Without including any pictures, give back all of the data exactly.

*Provided data*:
—————

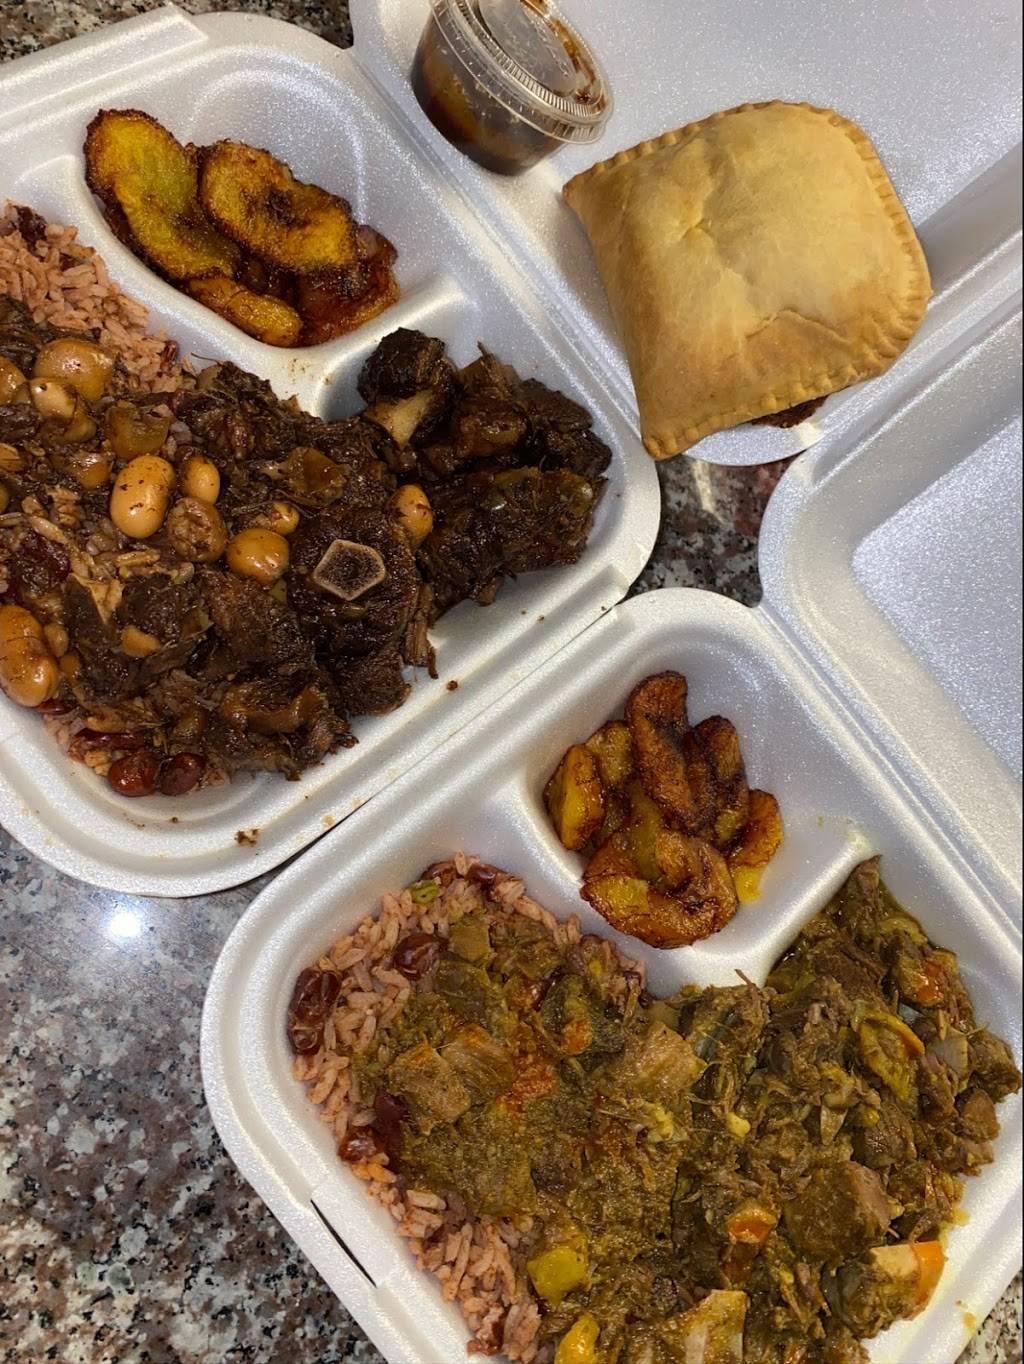 Ocho Rios Jamaican Restaurant   restaurant   4290 S Hwy 27, Clermont, FL 34711, USA   3524325624 OR +1 352-432-5624
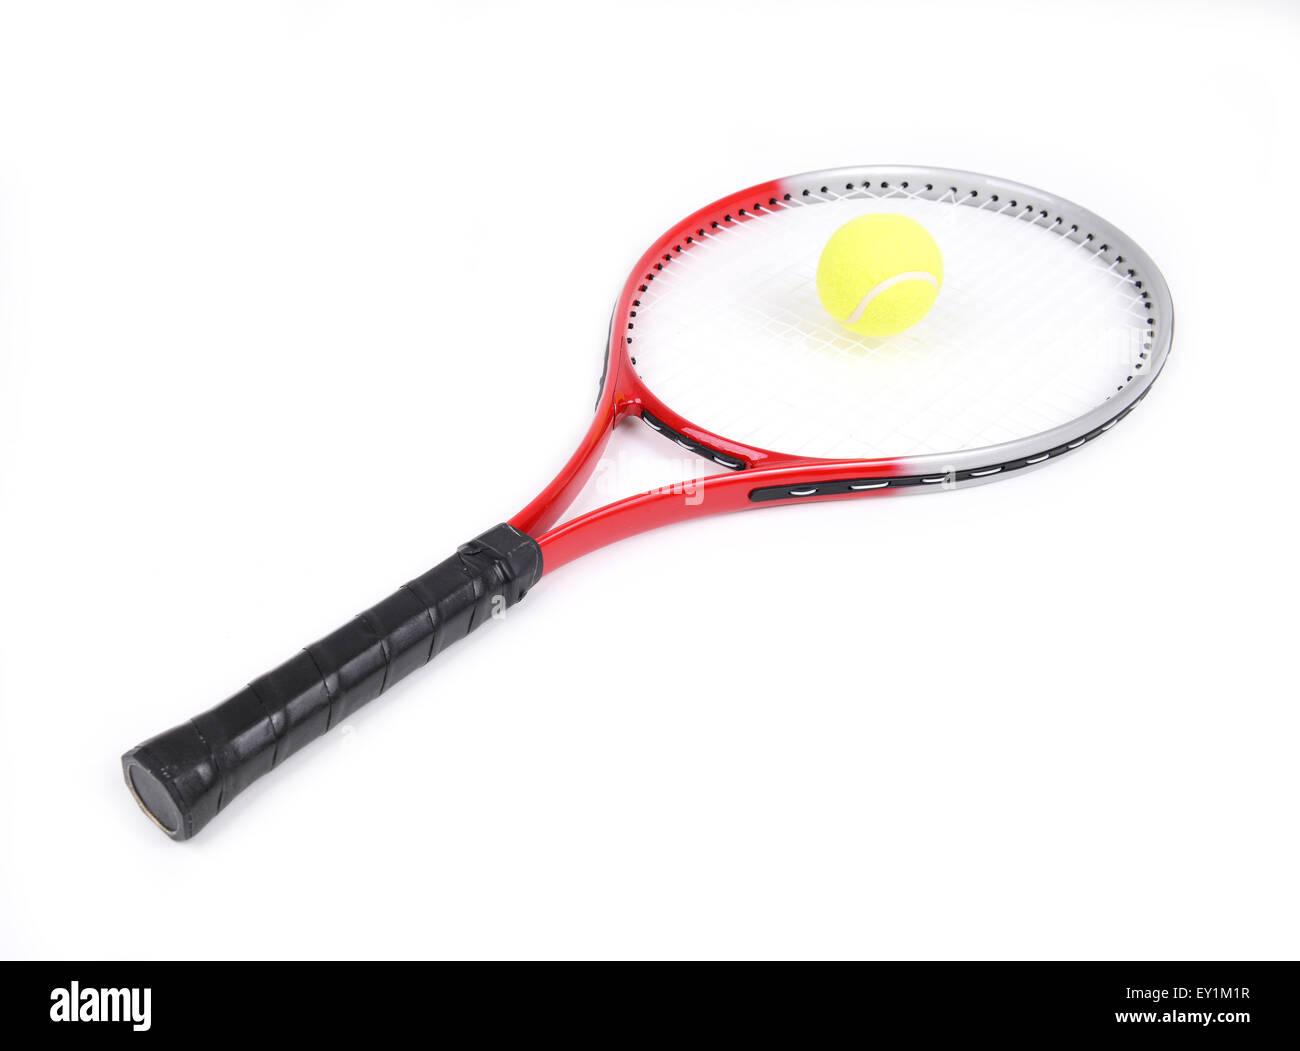 tennis racket isolated on  white background - Stock Image
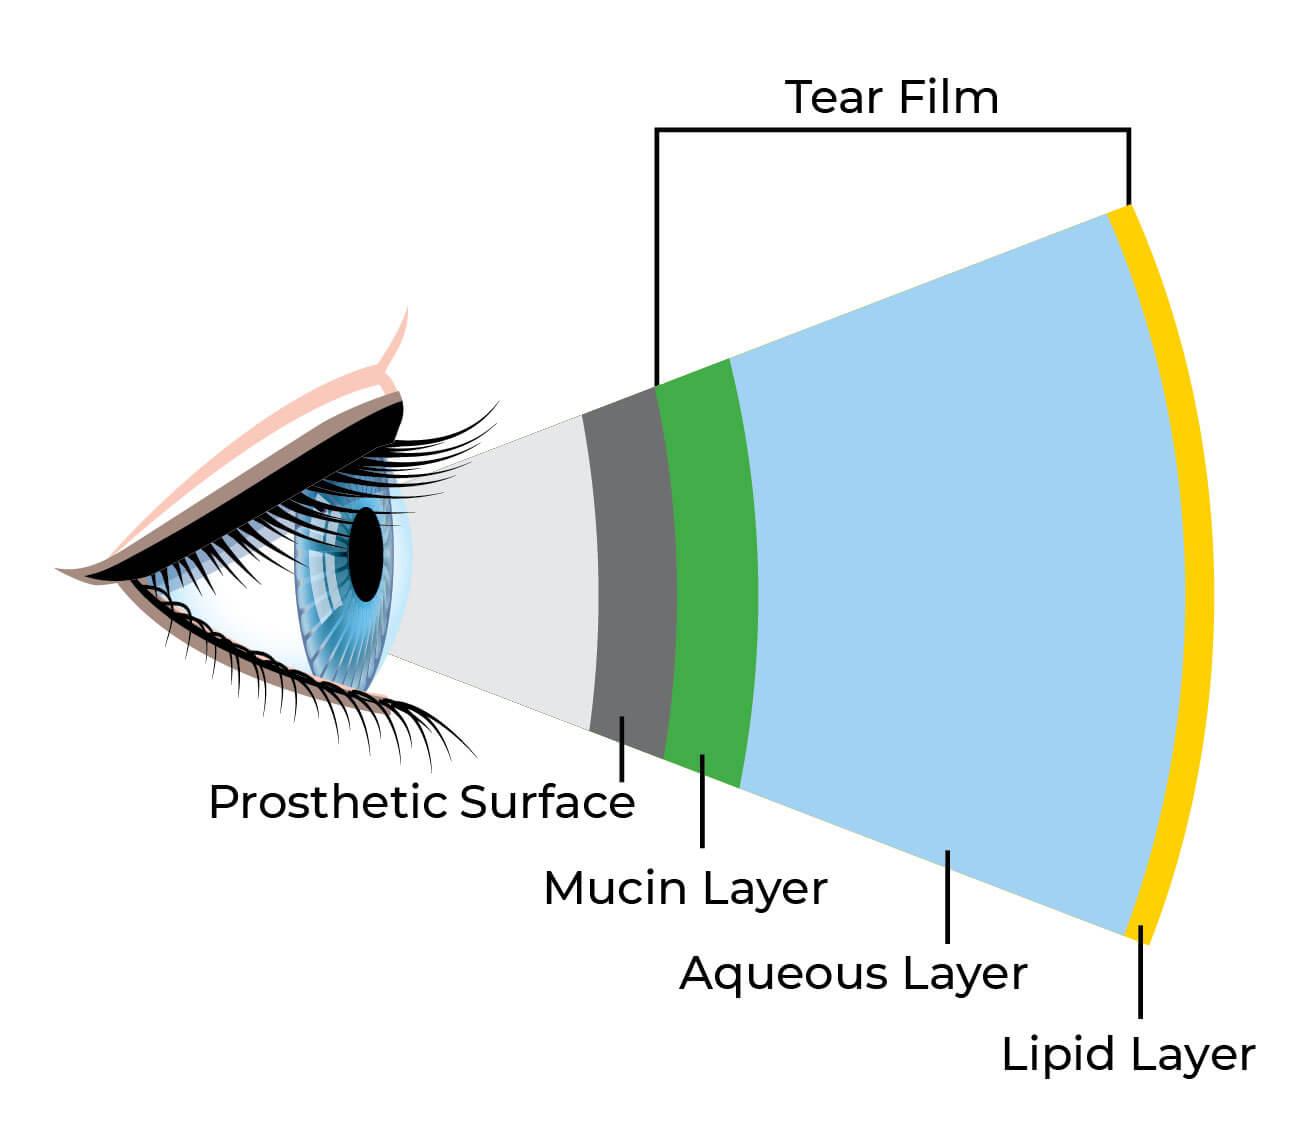 Artificial Eye Lubricants shown in diagrams

—————

*Solution*:
 Ocho Rios Jamaican Restaurant   restaurant   4290 S Hwy 27, Clermont, FL 34711, USA   3524325624 OR +1 352-432-5624
 tennis racket isolated on  white background - Stock Image
 Artificial Eye Lubricants shown in diagrams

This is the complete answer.